Details of the mathematical model used to simulate vector and host population dynamics and on the assumptions regarding WNV transmission between the mosquito and bird populations are given in full in electronic supplementary material, S1. The following further information is given in electronic supplementary material: parameterization of the extrinsic incubation period/viral replication rate (S2.1) [37], parameterization of the WNV transmission processes (S2.2), tuning of vector–host ratios (S2.3), the process by which WNV is introduced (S2.4), the conversion of air temperatures to water temperatures (S2.5), the model history and initial conditions (S2.6) and a table of the parameter values required for the vector life cycle model (table S2). All model code is available on GitHub [38] and is run using the DDE solver of Thompson et al. [39]. In the subsequent sections, the maps are presented such that white areas correspond to predicted MIR values less than 0.25 (figures 2, 3 and 5), a level of MIR below which WNV spillover has not been reported in well-studied areas of transmission (electronic supplementary material, S2.7). Coloured areas correspond to predictions which could plausibly lead to outbreaks, with higher predicted MIR values suggesting greater risk and potential size of WNV epidemics.
3. Results
3.1. Epidemic risk due to migratory birds
The predicted MIR following WNV introduction via infected birds arriving at the end of March was never projected to exceed 0.25 because this was earlier than termination of mosquito diapause. Likewise, the predicted risk for late April introduction was low for all climate projections with seven of the 12 simulations in the year 2079 predicting MIR values below 0.25 across the entire UK (electronic supplementary material, SF1). In those runs for which the MIR exceeds 0.25 in some areas risks are isolated to a very small area and the predicted MIR is generally only very slightly above 0.25. Risks are predicted to be low for these earlier introduction times because we assume that adult females exiting diapause only take one blood meal before laying an egg raft and dying due to the energetic demands of diapause [30]. Transmission and amplification of WNV requires that this first spring generation has hatched and begun feeding and typically only a very small proportion of the population has met these conditions prior to the end of April when introduction takes place. If increased temperatures were also to lead to earlier exits from diapause then it is possible that predicted risks here would be higher; however, the model assumes diapause exit to be determined by increasing day length.

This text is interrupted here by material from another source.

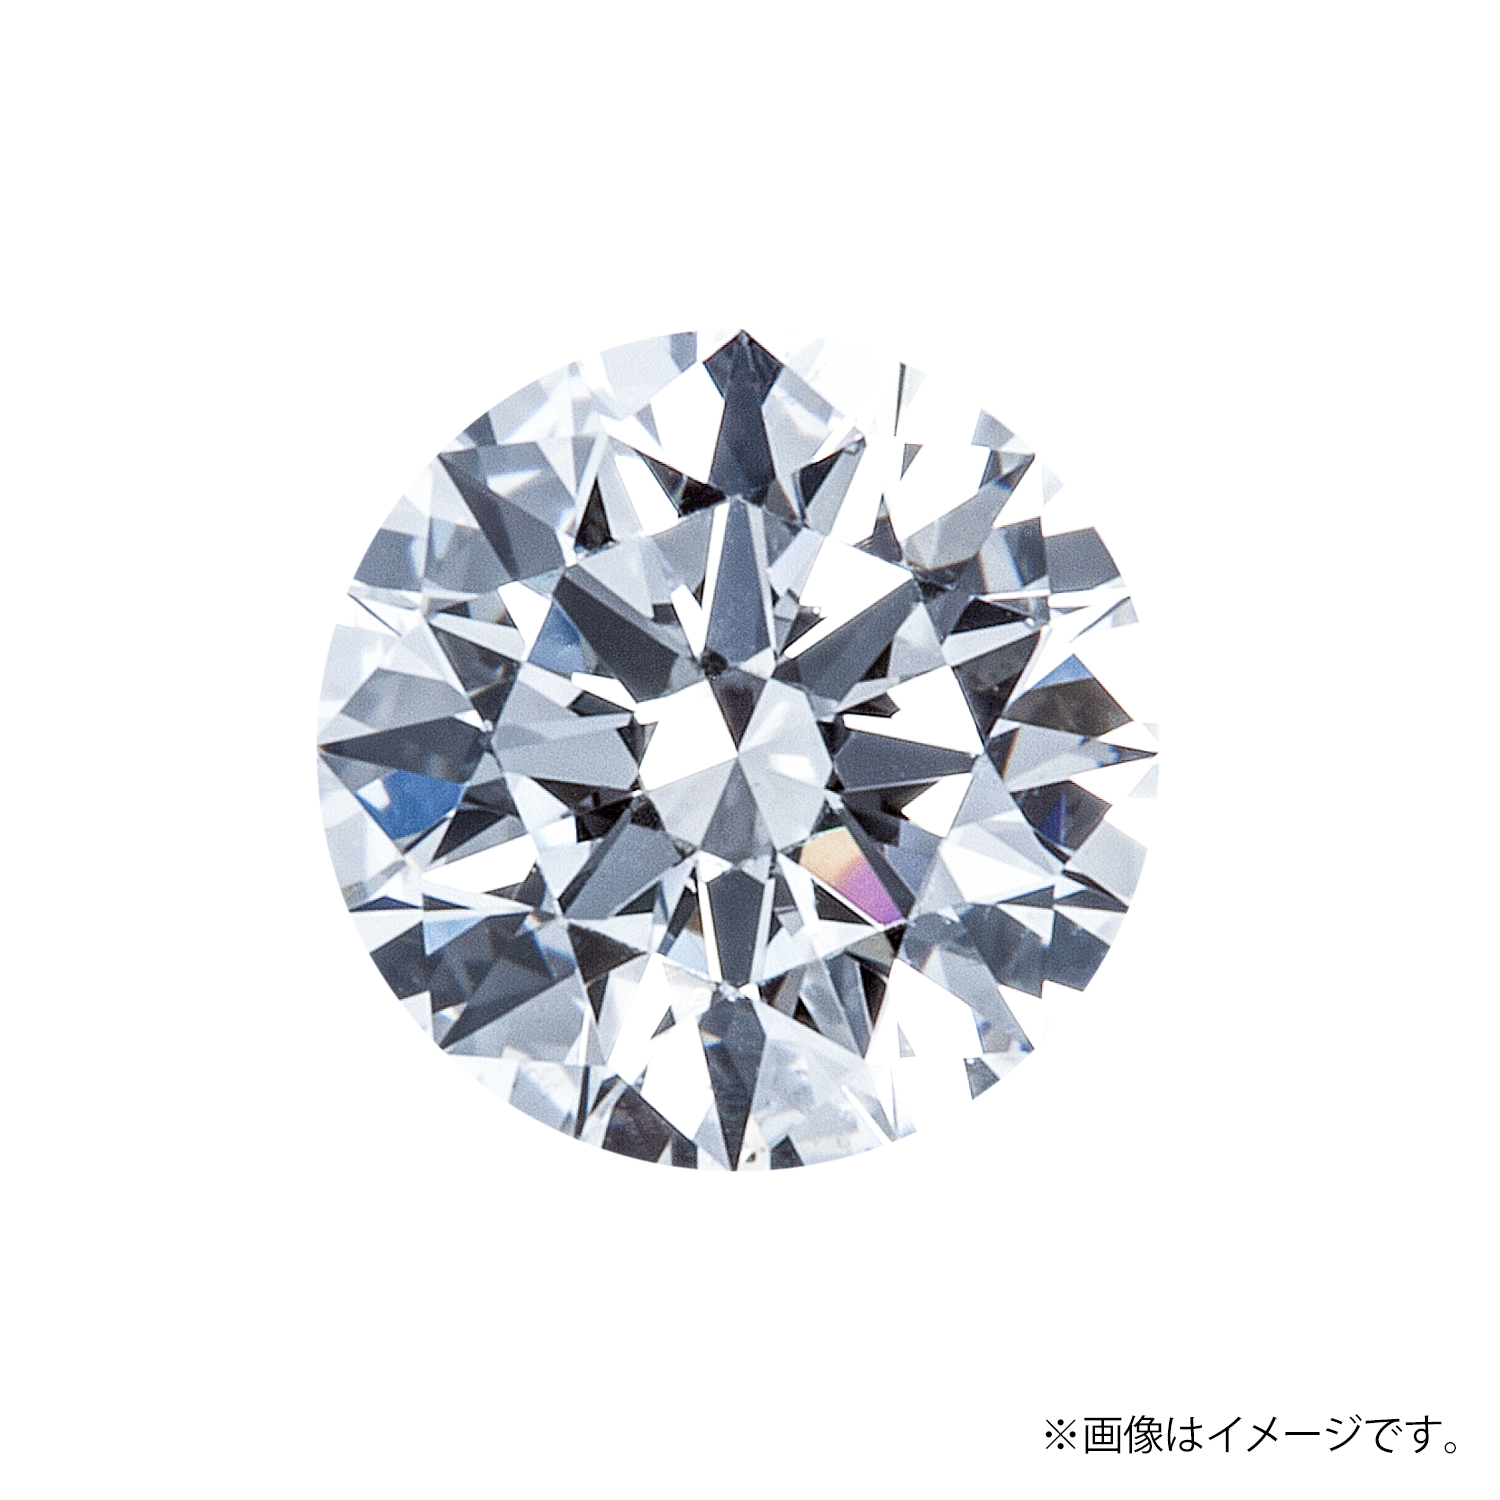 0.218ct Round ダイヤモンド / D / VVS1 / 3EX H&C

The predicted MIR following introduction via migratory birds at the end of May is substantially higher, as there has been sufficient time for mosquitoes to exit diapause and for the first spring generation to develop prior to arrival of the virus. Of the 12 sets of climate projections available, 11 of them resulted in predicted MIR values above 0.25 in at least one year in a least one location in the UK. In figure 2, we present the risk maps for climate runs 4, 6 and 12. These three runs were chosen to display the range of predicted scenarios, with the climate data from run 4 typically leading to relatively high predicted risk, climate run 6 leading to a moderate level of relative risk and run 12 predicting relatively low risks when comparing across all 12 sets of simulated climate data. The full set of maps for all climate runs under the late May introduction is included in electronic supplementary material, SF2. Figure 2 shows that the highest risk area is predicted to be in the southeast of England and that there is a general pattern of increasing risk through time. Predicted MIR values were below 0.25 in all areas for runs before 2039, after which point there is a general increase subject to between year variability e.g. predicted MIR in run 4 in 2059 is lower than in 2049. It is also important to note that the predicted MIR remains at low levels across the UK in approximately half the model runs, including run 12 shown. Consequently, it is perhaps unlikely, even under the worst-case scenario of RCP8.5, that WNV will become endemic in the UK and more likely that repeated outbreaks and re-introductions may occur.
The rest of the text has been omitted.